Affects Version/s: None
Fix Version/s: None
Release Note:Not for the current sprint. Schedule for after June 2013.
OR filters have been optimized to run with vectorized query execution. IN filters of the form "Column IN (list-of-constants)" are a special case of OR. However, IN does not vectorized currently.

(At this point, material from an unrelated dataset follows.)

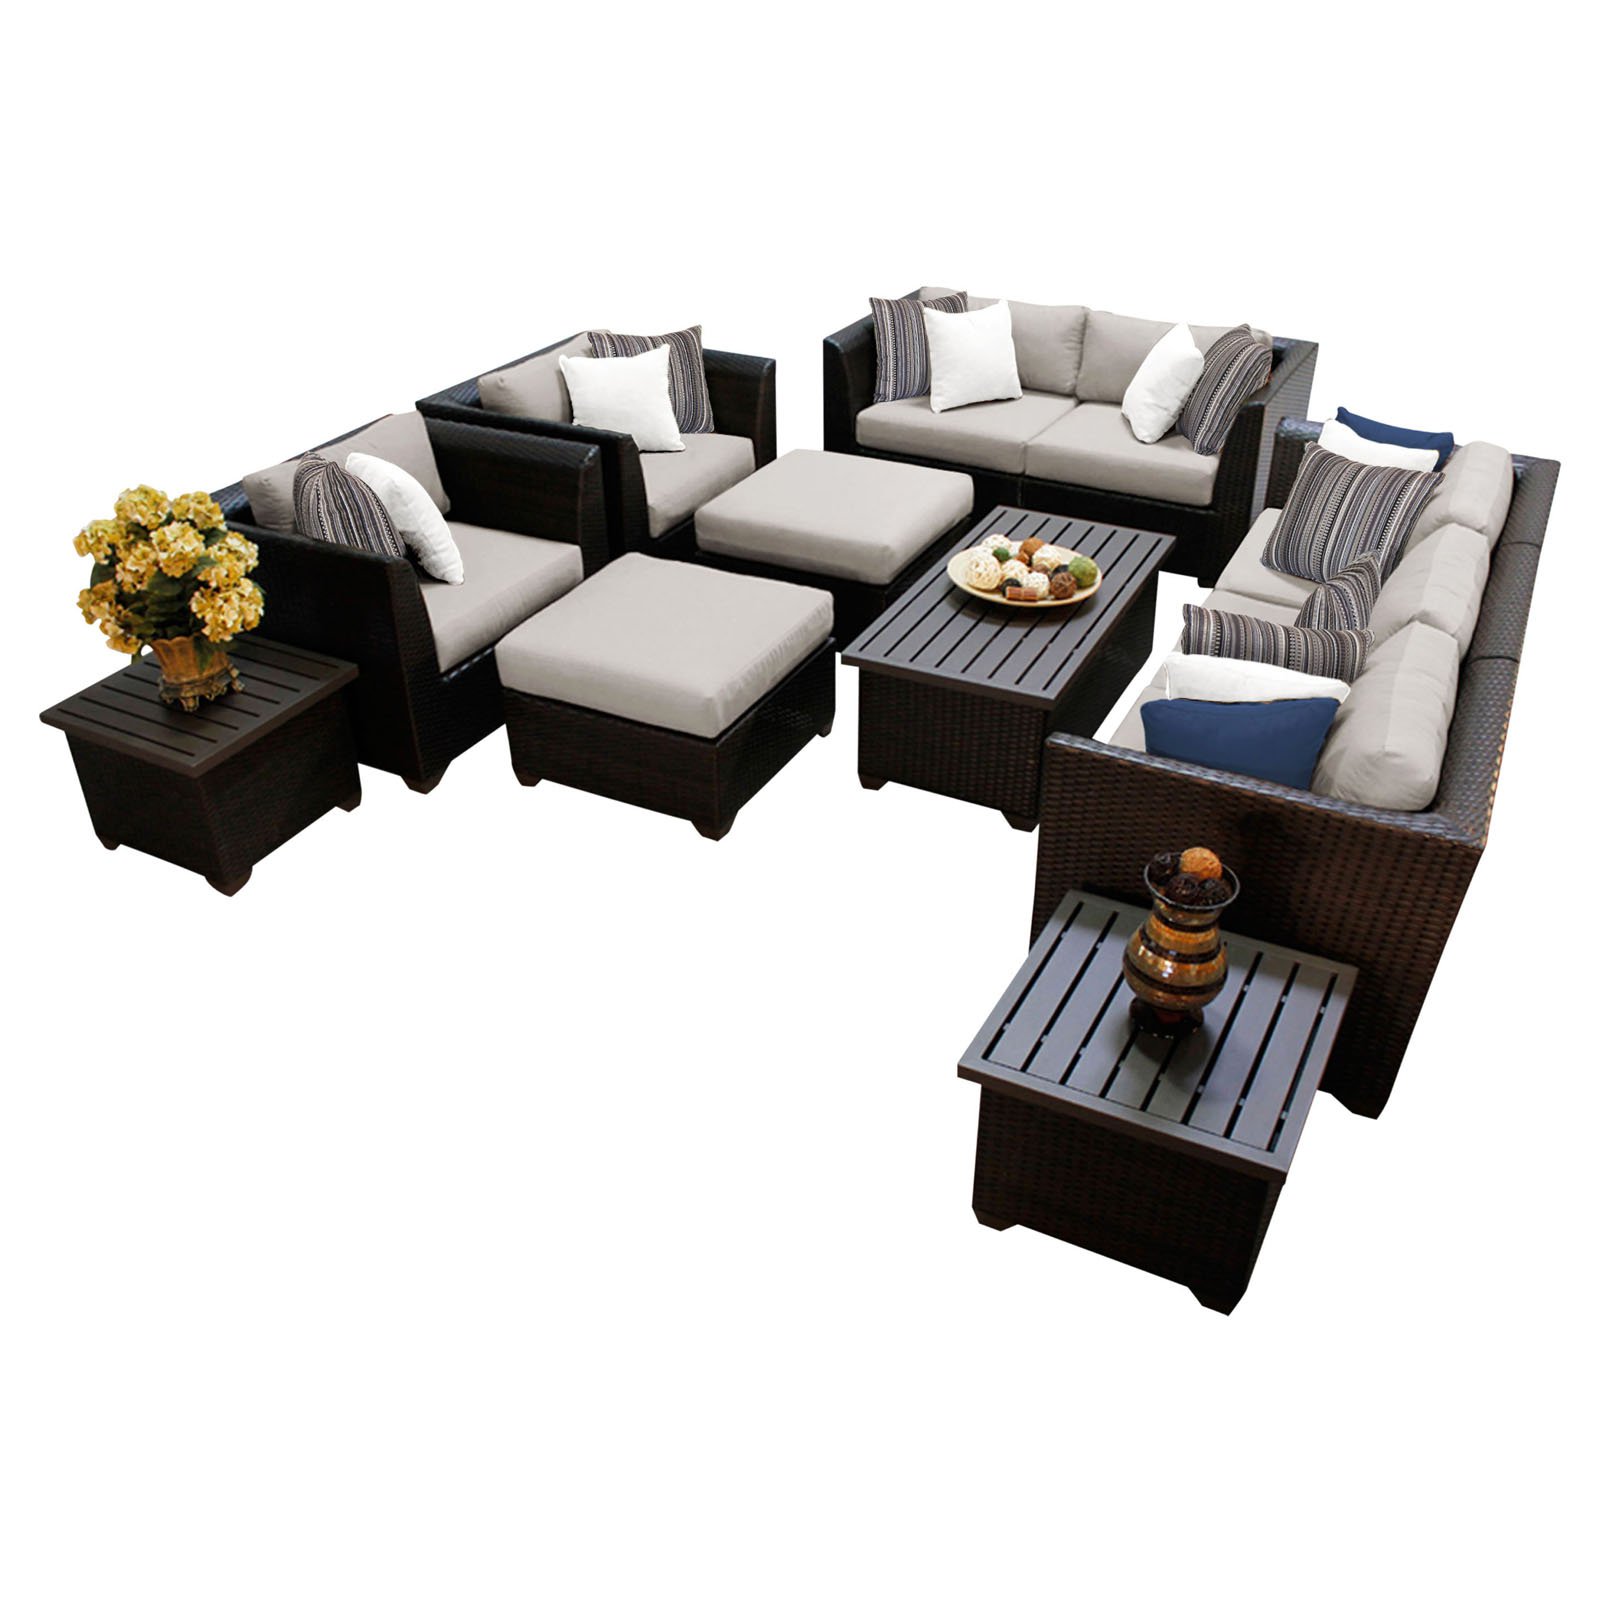 TK Classics Barbados 12 Piece Wicker Outdoor Sectional Seating Group with Storage Coffee Table and End Tables, Ash - image 1 of 11

select ddate, count(*) from factsqlengineam_vec_orc where ddate = "2012-05-19 00:00:00" OR ddate = "2012-05-20 00:00:00" or ddate = "2012-05-21 00:00:00" group by ddate;
takes about 23 seconds of CPU and
select ddate, count(*) from factsqlengineam_vec_orc where ddate IN ("2012-05-19 00:00:00", "2012-05-20 00:00:00", "2012-05-21 00:00:00") group by ddate;
takes about 153 seconds of CPU.
A simple fix may be that for short IN lists (say <= 64 elements) we turn them into OR by manipulating the query tree before planning whether vectorization can be used.
A more complex fix that covers more cases would be to turn longer IN lists into a join so when we eventually support vectorized joins it will be fast.
An intermediate approach might be to implement a special IN filter operator that stores the constant values in a sorted array or high-performance hash table (like Cuckoo hashing).